El primer fruto de esta espiritualidad, encarnada en la vida real, es la conversión del egocentrismo y de la egolatría, que impiden la comunión, hacia el respeto y el amor. El egocentrismo impide la creación de espacios de comunión, porque pretende situar el “ego” personal en el centro de todo y, de esta manera, bloquea la comunicación sincera con los demás. Con el paso del tiempo, el egocentrismo deriva hacia la egolatría, que no solamente dificulta la comunicación con los demás, sino que acaba por bloquear la comunicación con Dios.
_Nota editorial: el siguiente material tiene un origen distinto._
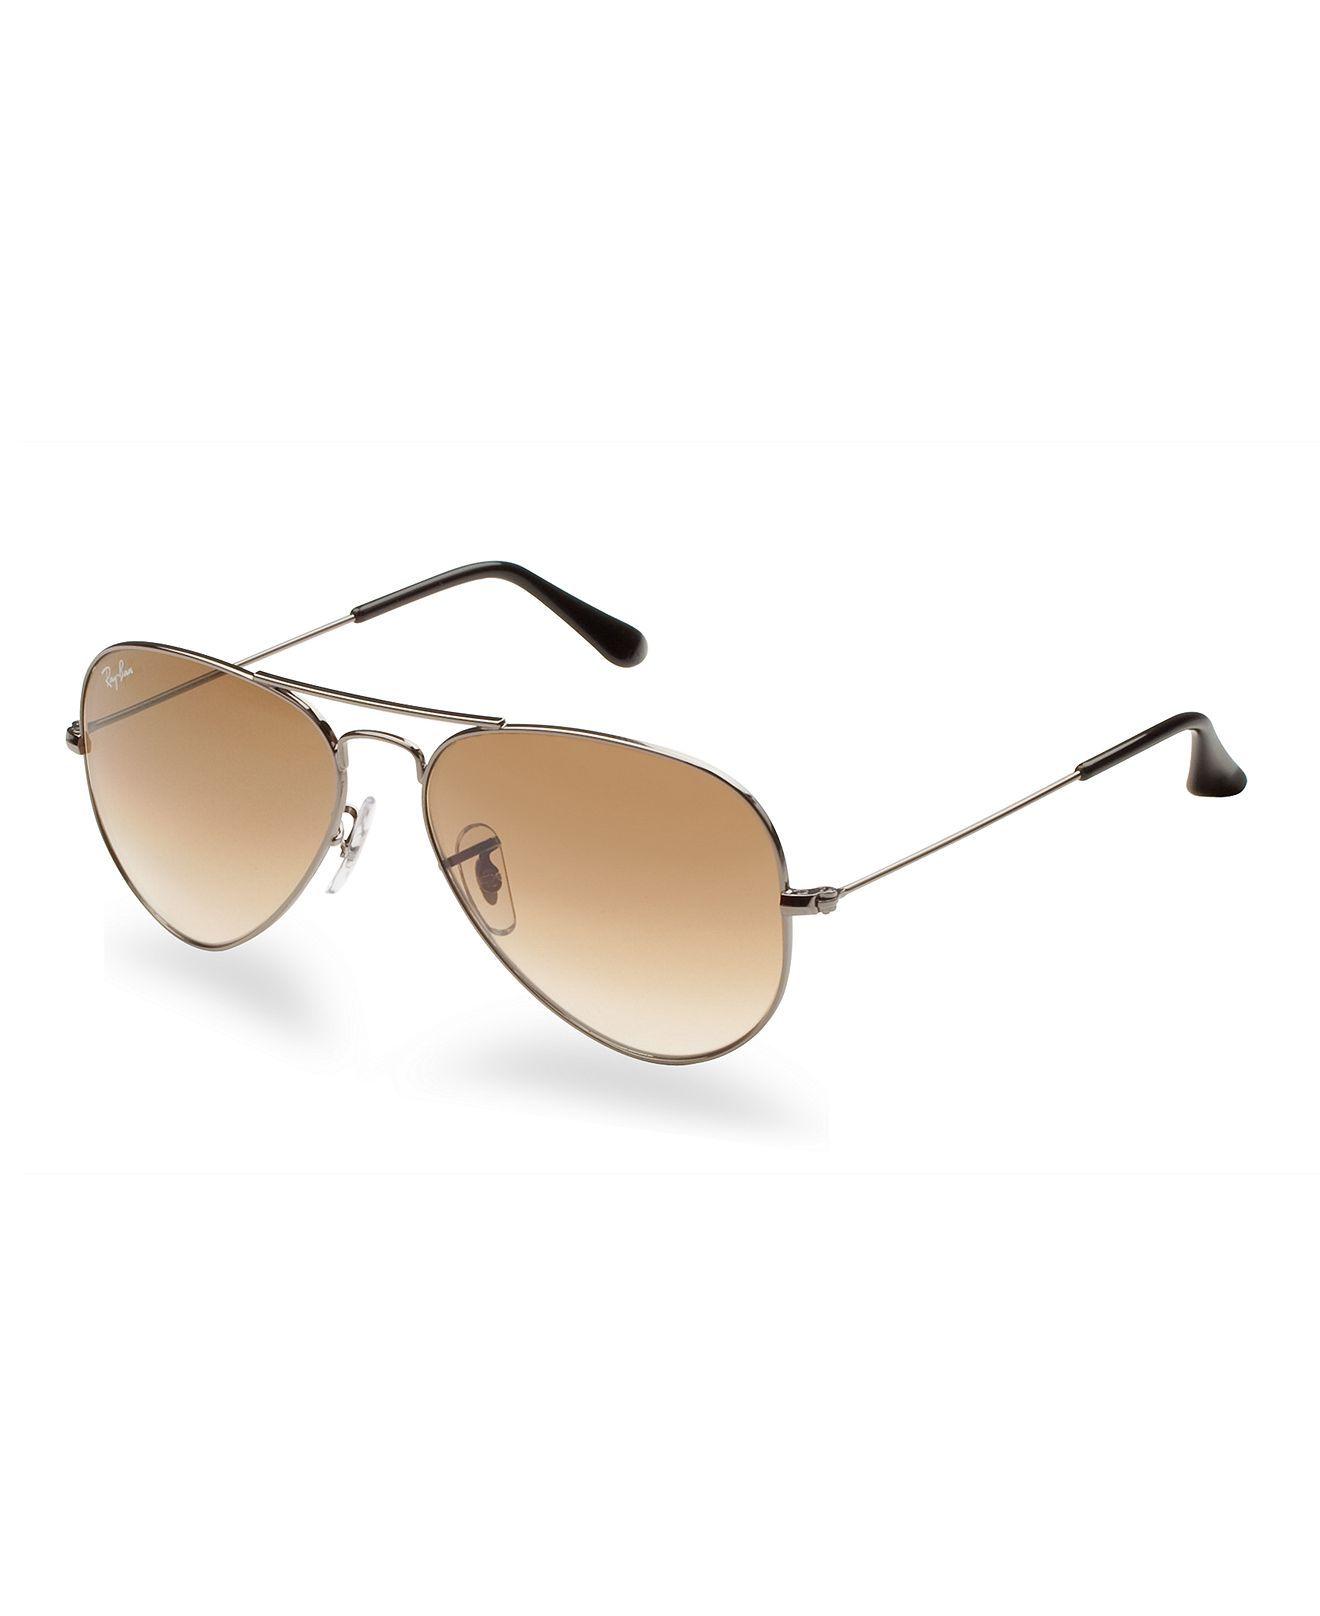 Colorful Sunglass Hut: $149.95 Ray-Ban Sunglasses, RB3025 55 Aviator
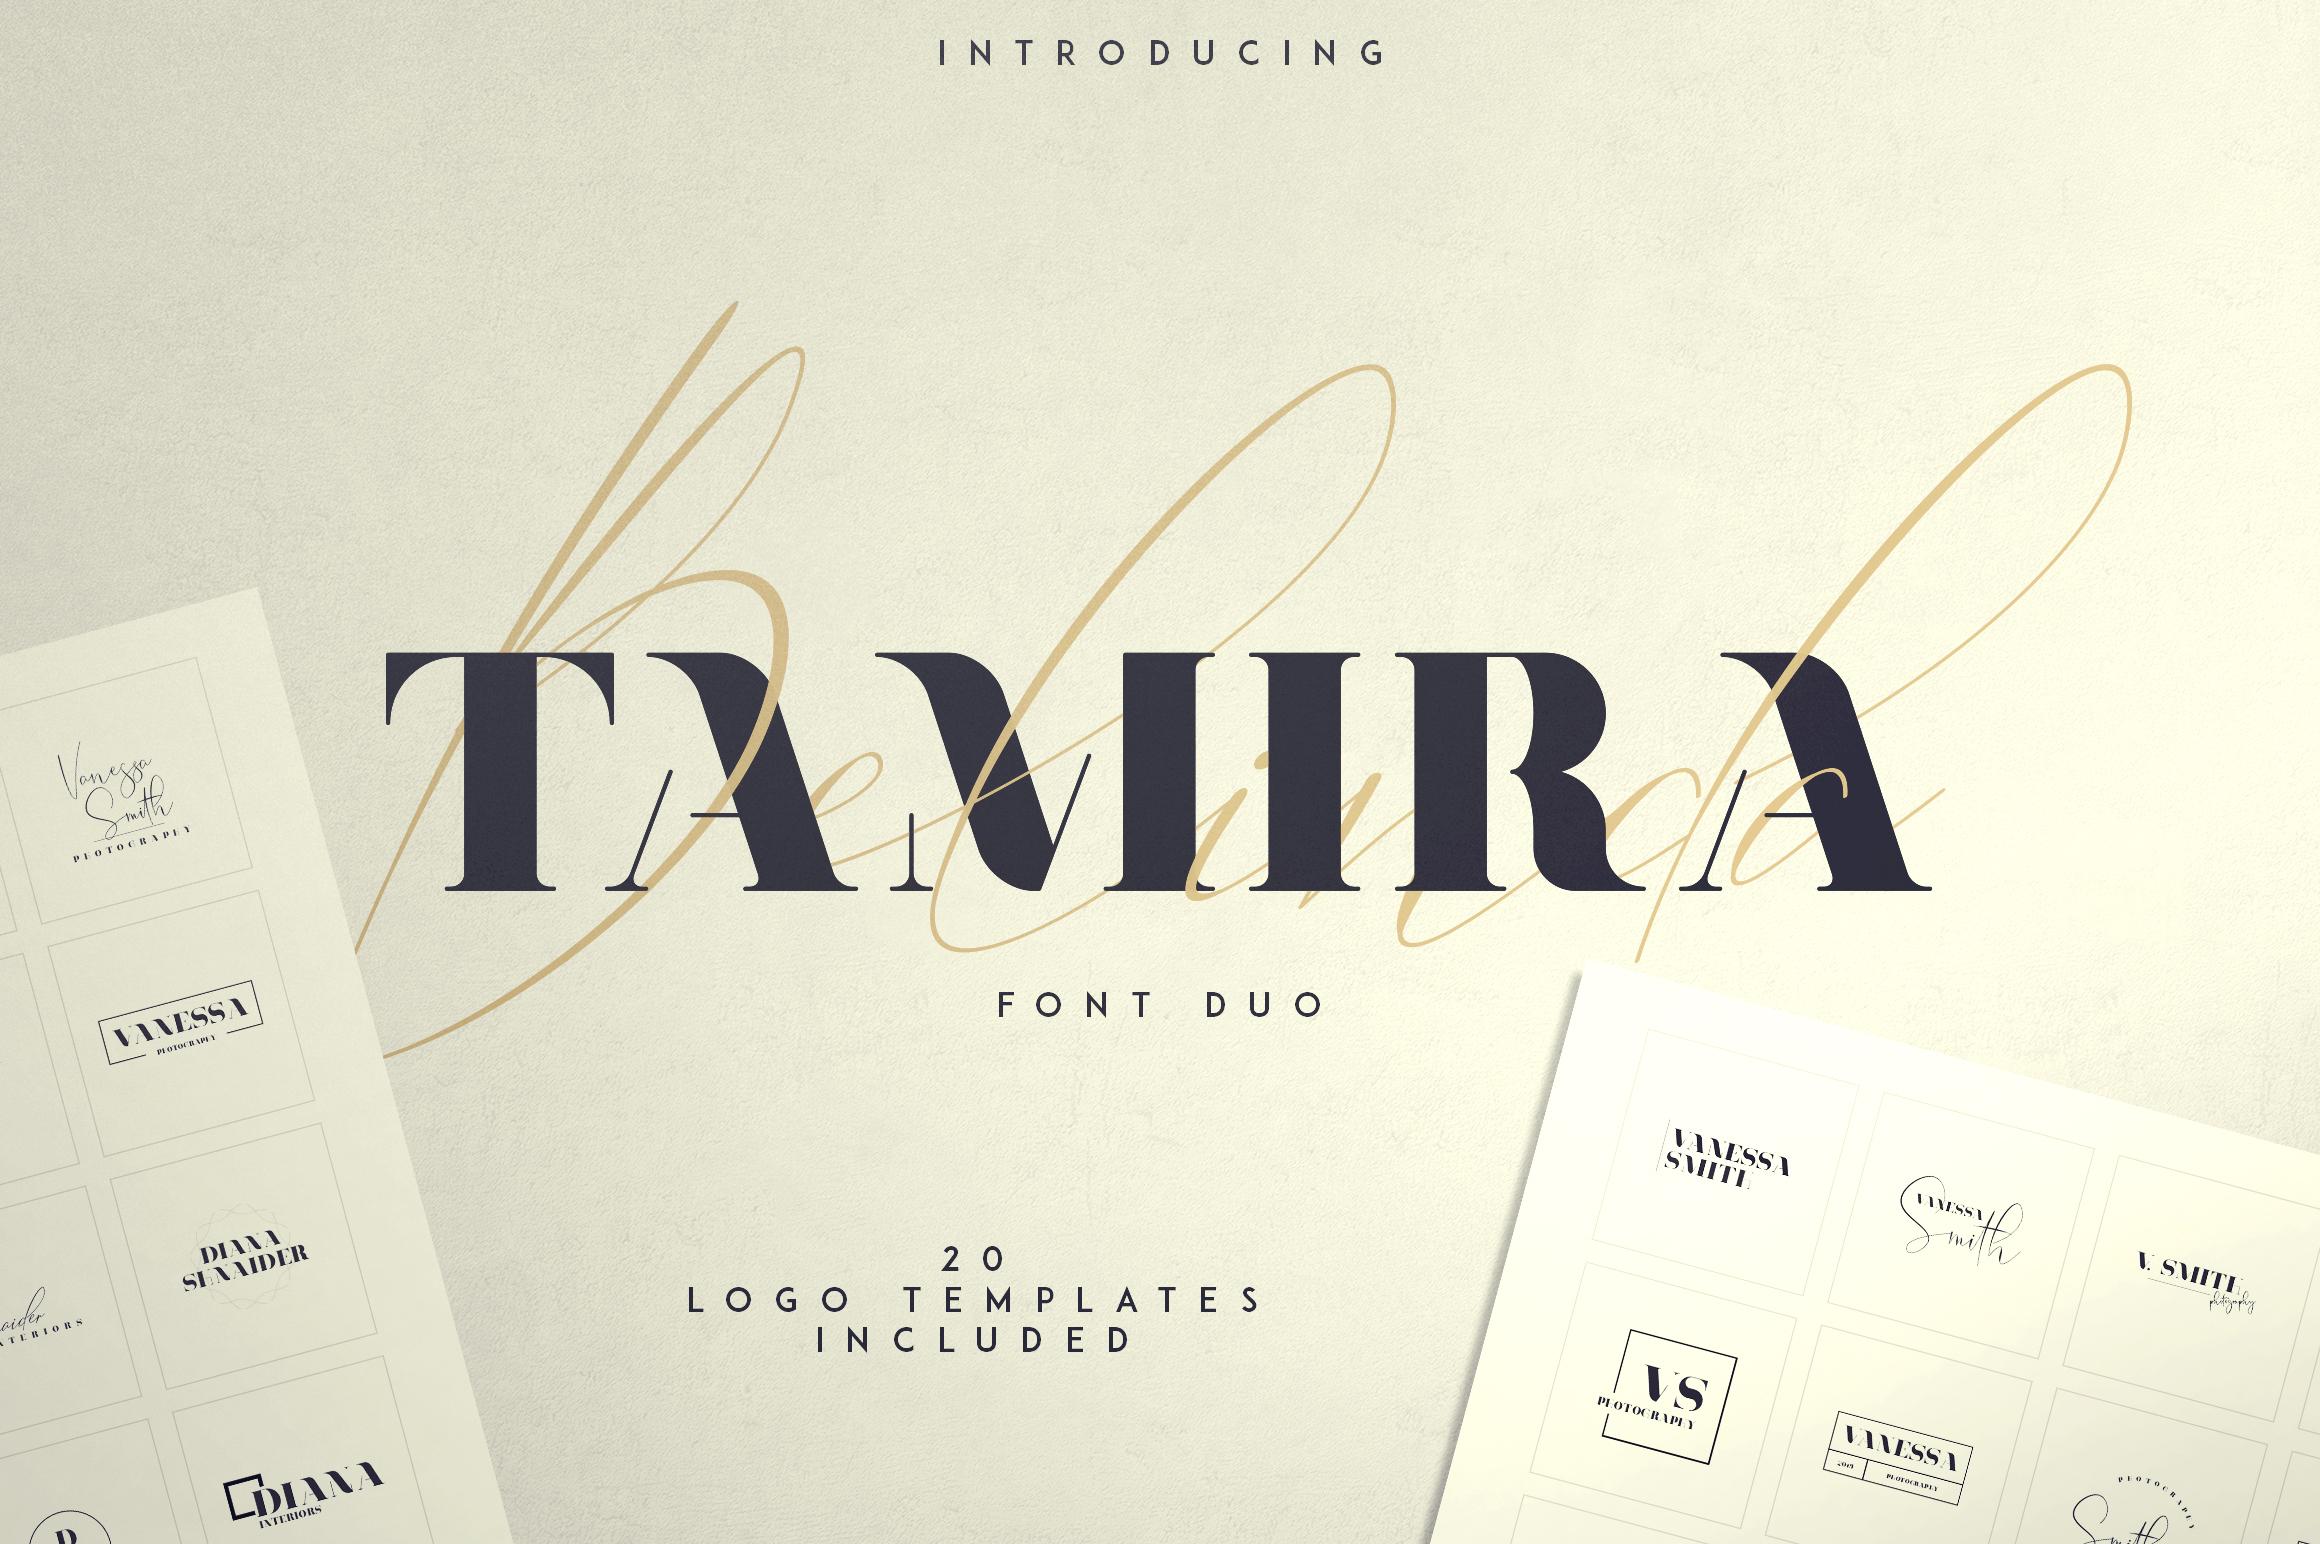 Belinda Tamira - Font duo 20 Logos example image 1

La espiritualidad encarnada, cuando ha superado la tentación del egocentrismo y de la egolatría, produce un segundo fruto que consiste en la apertura a los demás desde la libertad y el amor. Esta apertura a los demás, en definitiva, acompaña la persona a dar el paso del narcisismo cerrado a la alteridad luminosa. Este cambio de mentalidad, justamente, es el elemento clave para pasar de compartir los espacios comunes sin comunicación, a vivir el tiempo presente como una oportunidad para ir creando espacios de comunión.
 

  1. Líneas de acción

Los criterios evangélicos, eclesiales y espirituales que hemos descrito brevemente, nos sitúan correctamente para construir unas mediaciones prácticas, capaces de dar respuesta los retos vividos y de potenciar los signos de esperanza que apuntan hacia el horizonte de la comunión. Se trata, por tanto, de crear unas mediaciones y estructuras personales, ambientales y estructurales. Al mismo tiempo, estas mediaciones han de estar interrelacionadas entre ellas mismas.
 
3.1. Cultivo de la espiritualidad encarnada
La primera línea de acción radica en el interior de cada cristiano y consiste en revivir la fe, que se manifiesta en la esperanza y se realiza en el amor. Se trata de cultivar una espiritualidad encarnada profunda. La espiritualidad implica la disponibilidad en manos del Espíritu para avanzar hacia el horizonte de la Bienaventuranzas (Mt 5, 1-11), por el camino de las obras de misericordia (Mt 25, 31-46. La encarnación genera el respeto, o la mirada atenta a la realidad cotidiana, para observar los retos y signos de esperanza y, también, escuchar la llamada de Dios a través de los signos de los tiempos (Lc 12, 54-56). La espiritualidad encarnada, además, conduce a integrar en el interior de la persona el misterio de la creación y el de la redención. Esta integración facilita la construcción de puentes entre las personas y los grupos.
Alguien puede pensar que esta propuesta es teórica. Nada más lejos de la realidad. La construcción de la comunión nace en el interior de cada persona y va creciendo mediante la comunicación con Dios en la oración, en el diálogo con los demás y, en definitiva, en la unidad de la vida cotidiana personal.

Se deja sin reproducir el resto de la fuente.